One day, she sees Treasure Island heading out of the harbor in the wrong direction—toward St. Thomas—and realizes the boat is probably going for its yearly maintenance. They don’t run charters in the autumn. Tilda wonders what Cash is doing over the break. She’d love to invite him to work on the resort. That had been the plan. Everyone is keen to have a robust water-sports program and a series of hikes across the island both as workouts and nature walks, and this was supposed to be Cash’s department—but Tilda blew that chance. She hasn’t even told her parents the truth. They know that Cash broke up with Tilda but they don’t know that Tilda and Dunk hooked up on St. Lucia right after their couples massage, which was before she talked to Cash, so, technically, she cheated. And Cash could tell, she knew he could, so the breakup was her fault. Tilda generally discusses everything with her mother, but her behavior was so shameful and so unlike her that she can’t share it with Lauren.
Tilda has just woken up in the Lovango cottage when her phone rings. Granger, calling from Dubai, where her parents are attending a conference this week.
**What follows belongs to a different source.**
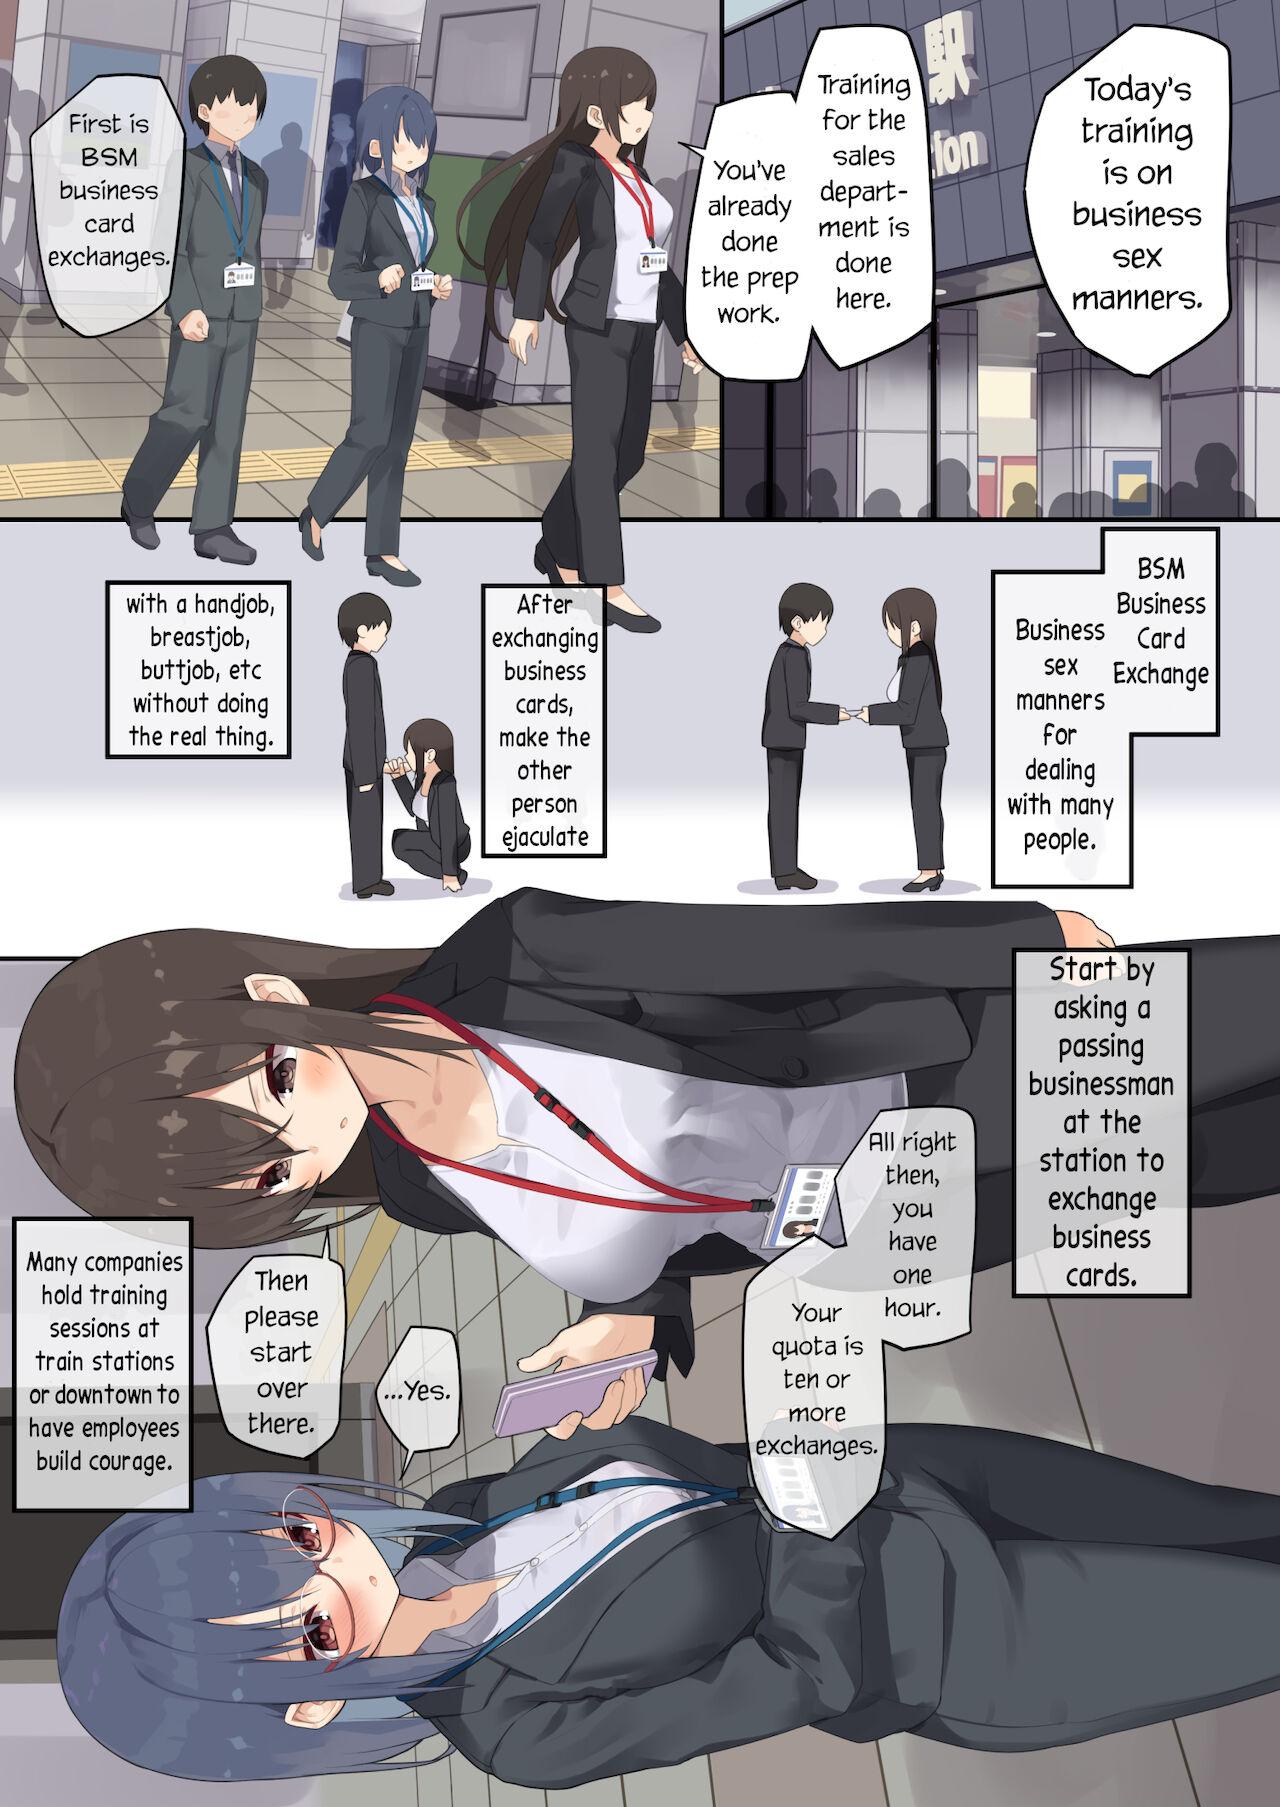 Sexy Whores Business Sex Manner Shinsotsu Hen | Business Sex Manners - Original Foda - Page 8

“Inga is going to be a problem,” Granger says.
Tilda must still be asleep because she has no idea who Inga is. Maybe it’s the woman at the Health Department over in St. Thomas? “Why?” Tilda says.
“She’s picking up speed and strength, and right now she’s on a direct course toward St. Thomas, St. John, Tortola, Jost, Virgin Gorda, and, although they didn’t mention it by name, Lovango.”
“Dad,” Tilda says. “What are you talking about?”
“Inga,” Granger says. “The hurricane.”
Like a newborn with indecisive parents, a hurricane first forms without a name, as a collection of thunderstorms—so says Tilda’s favorite weatherman, Dougie Clarence of the CBS Evening News. Tilda is watching Dougie on her phone in bed—the cottage has no TV, and even if it did, there’s no cable—as he explains that Hurricane Inga started a few days earlier, August 27, as a Cape Verde hurricane, forming off the African continent and organizing near the Cape Verde Islands with a big push from the westerly trade winds, a term originating from the beneficial wind direction for early colonial traders. (Dougie always throws interesting factoids into his forecasts, which Tilda loves.) Inga has had a thousand miles of warm tropical waters to nourish her. In the past forty-eight hours, Dougie says, Inga’s maximum winds have increased from forty miles per hour to one hundred and fifteen.